Besides the call for a slower, more considered rule-making process, at least four individuals and organizations on Friday and Monday called for the SEC to add Eric Hunsader to the panelists appearing before it Tuesday.

Hunsader and his firm, market data aggregator Nanex.net of Winnetka, Ill., have been at the forefront of statistically identifying the emergence and causes of market disruptions from the Flash Crash of May 6, 2010, to the Knight Capital flood of erroneous orders on August 1.

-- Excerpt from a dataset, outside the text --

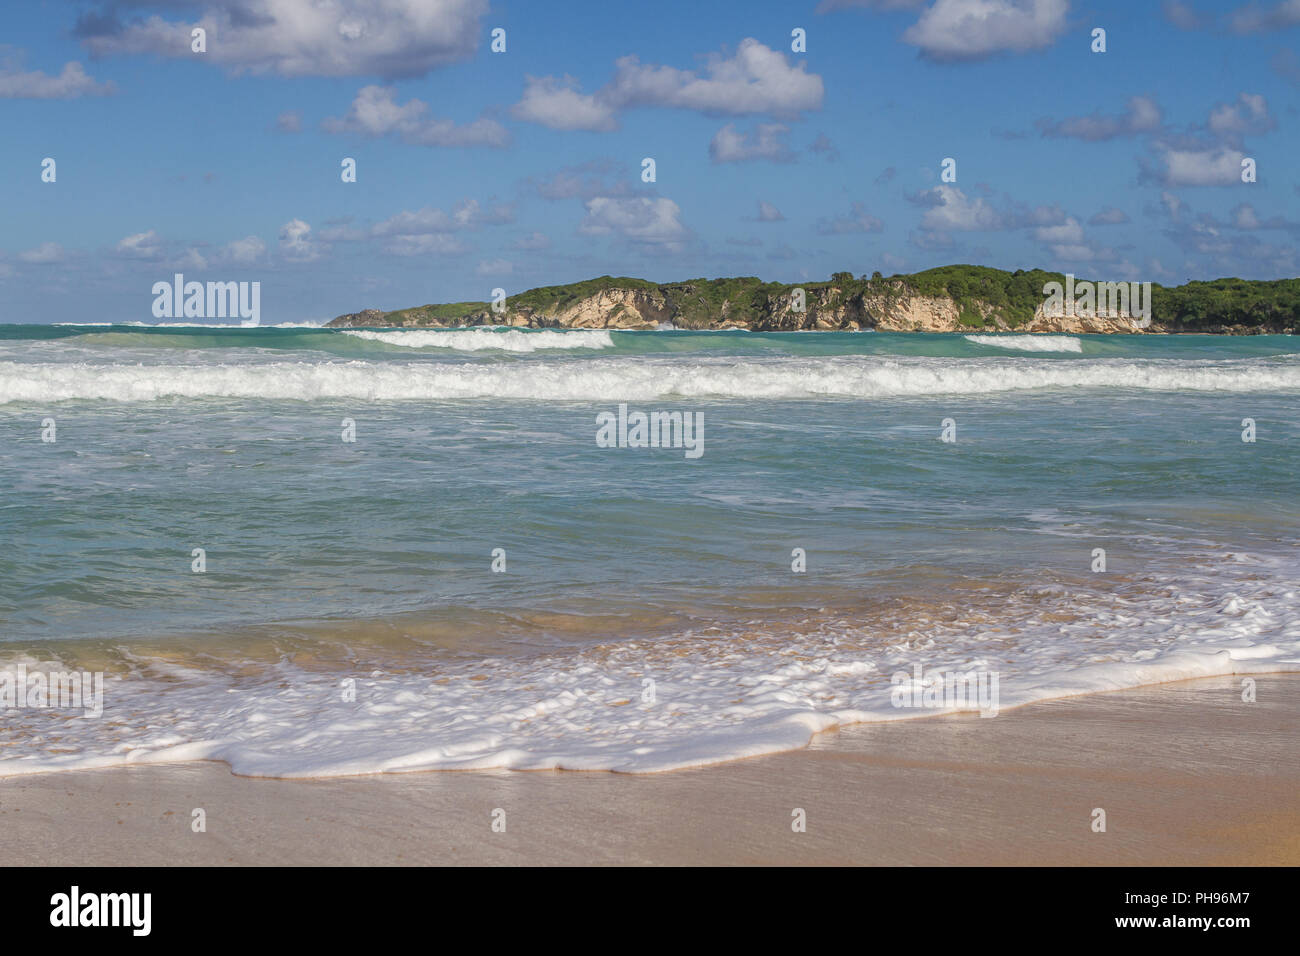 the coast with sandy beaches Stock Photo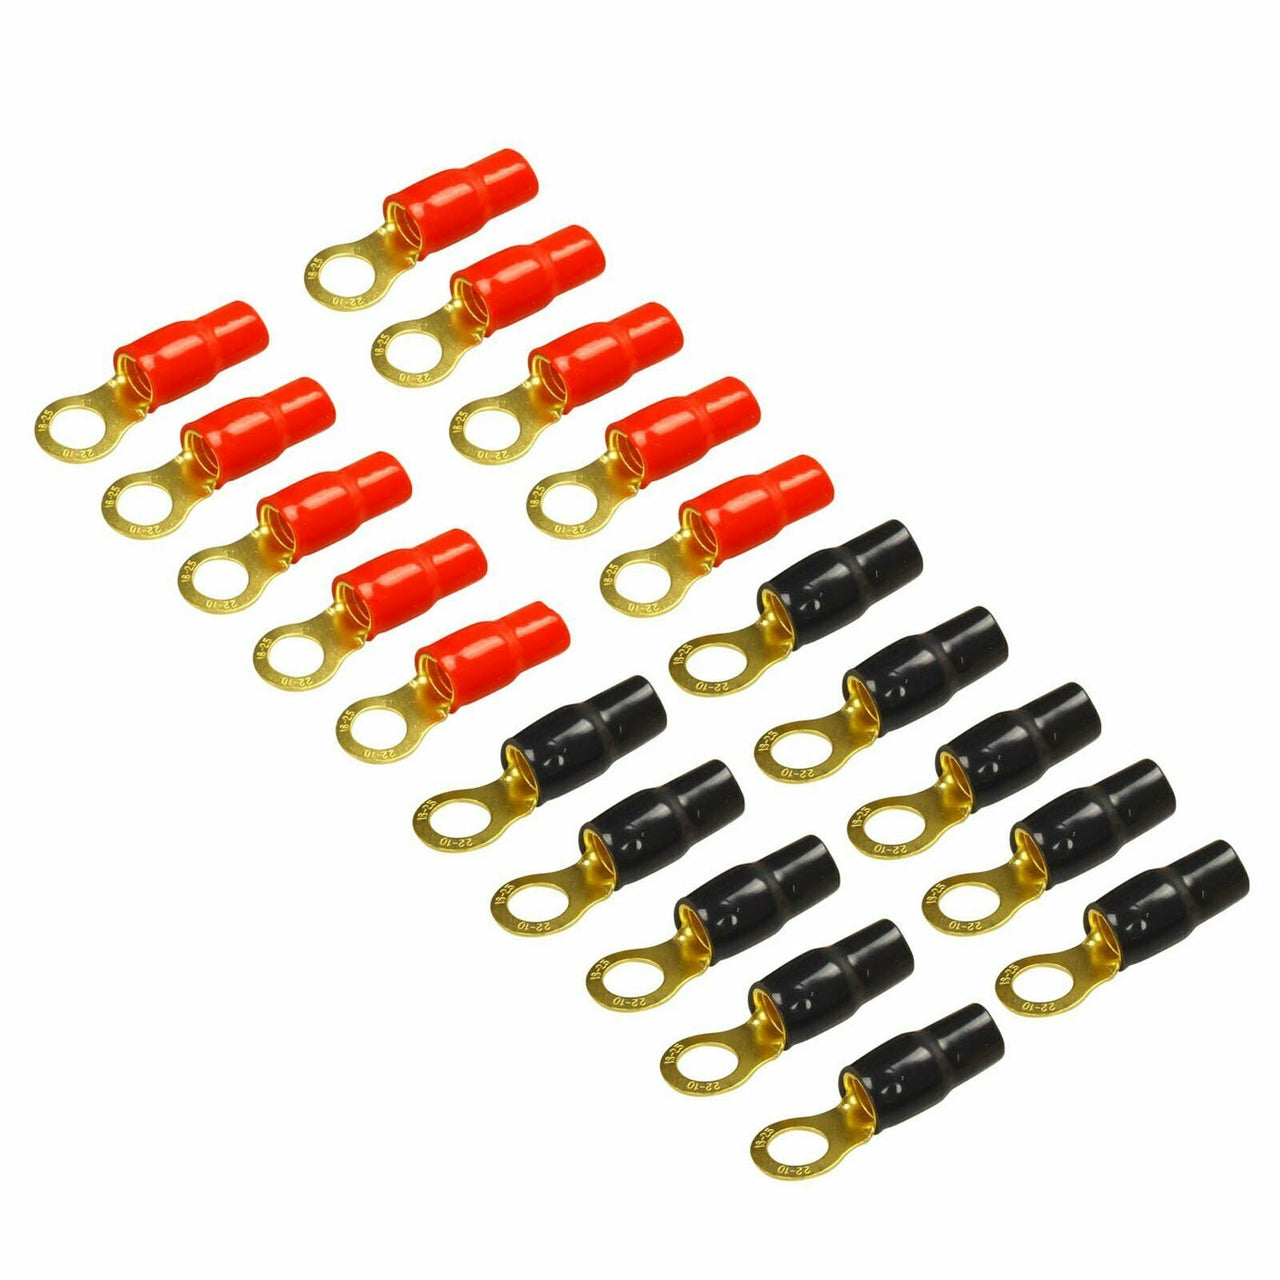 Absolute GRT4-20 4 Gauge Crimp Ring Terminals Connectors 20-Pack (Red Black)

In the case of the failed BATS IPO of March 23, Nagy and KOR Trading said that the problem was traced back to a single he issue was traced back to a single line of faulty computer code, updated in anticipation of the IPO.

“While BATS did institute rule filings which required expedited processing for commission approval” under the Dodd-Frank Wall Street Reform Act of 2010, “BATS subsequently submitted a filing and (got) immediate effectiveness of a proposed rule change to modify” a rule on auctions of exchange-listed securities on February 10th, 2012, 26 business days before the launch of the failed IPO.

In the case of Nasdaq’s botched Facebook IPO, “Nasdaq submitted many filings prior to the Facebook IPO,’’ Nagy said.

In one, Nasdaq’s filed and got immediate effectiveness of a rule to adopt a modification in the process for initiating trading of a security for an initial public offering on March 19, 2012.

That “required coding changes with Nasdaq from brokers and dealers to a specific order type who route to Nasdaq. Neither of the rules described above, nor Nasdaq’s filing on Rule 4753 in January 27th 12 which was also filed as immediate effectiveness, received any comment. ‘ 

In the Knight Capital case, the cause can be traced “to coding changes required as a result of NYSE’s new order-type entitled, Retail Liquidity Program.’’

The commission, KOR and Nagy say, realized “the complex nature of the program and delayed approval two times (the maximum allowed) until its final approval on July 3rd, 2012.”

“While one would surmise that there was ample time for testing and coding changes, consider that the rule was adopted on July 3rd and NYSE implemented the program on August 1st, just 19 business days post approval,’’ KOR and Nagy said in a comment letter filed Monday with the SEC.